Time frame: The follow-up period ranges from the first patient recruited to the last patient within 6 months after admission,up to 2 years.
Percentage of Participants Achieving an Objective Response (Objective Response Rate)
The objective response rate is equal to the proportion of participants achieving a best overall response of partial response or complete response (PR + CR). Response is defined using RECIST, v. 1.1 criteria. CR is defined as the disappearance of all target and non-target lesions and any pathological lymph nodes (whether target or non-target) must have reduction in short axis to \<10 mm and normalization of tumor marker level of non-target lesions; PR is defined as having at least a 30% decrease in sum of longest diameter of target lesions taking as reference the baseline sum diameter.
Time frame: The follow-up period ranges from the first patient recruited to the last patient within 3 months after admission.
Percentage of Participants Achieving a Stable Disease (SD) or a confirmed CR or PR (Disease Control Rate)

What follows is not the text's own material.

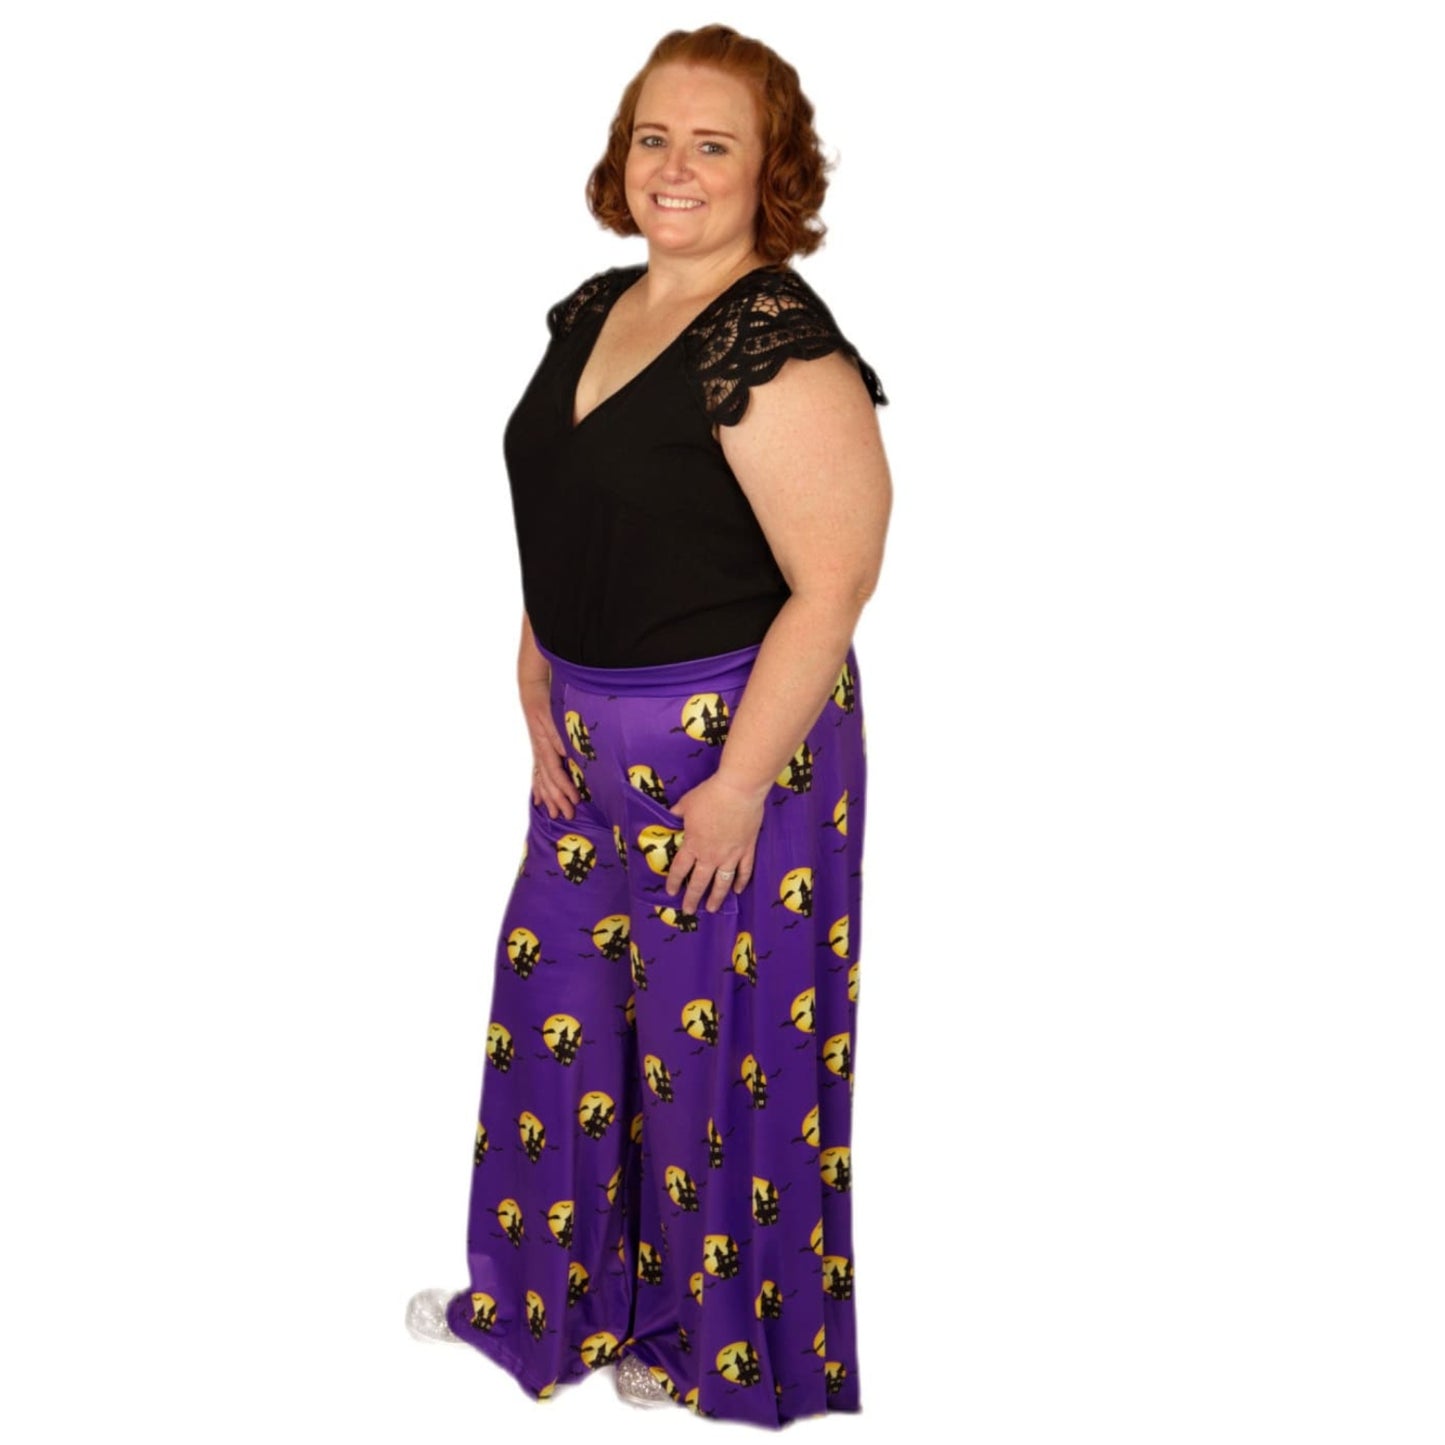 Haunted House Wide Leg Pants by RainbowsAndFairies.com.au (Addams Family - Bats - Purple - Pants With Pockets - Vintage Inspired - Flares - Halloween) - SKU: CL_WIDEL_HAUNT_ORG - Pic-02

Participants achieved disease control if they have a best overall response of CR, PR or SD. According to RECIST v1.1, CR is the disappearance of all non-nodal target lesions, with the short axes of any target lymph node reduced to \<10 mm, the disappearance of all non-target lesions, and the normalization of tumor marker levels (if tumor markers were initially above the ULN); PR was defined as at least a 30% decrease in the sum of the diameters of target lesions (including the short axes of any target lymph node), taking as reference the baseline sum diameter. SD is neither sufficient shrinkage to qualify as PR nor sufficient increase to qualify as PD, taking as reference the smallest sum diameter since treatment started.
Time frame: The follow-up period ranges from the first patient recruited to the last patient within 3 months after admission.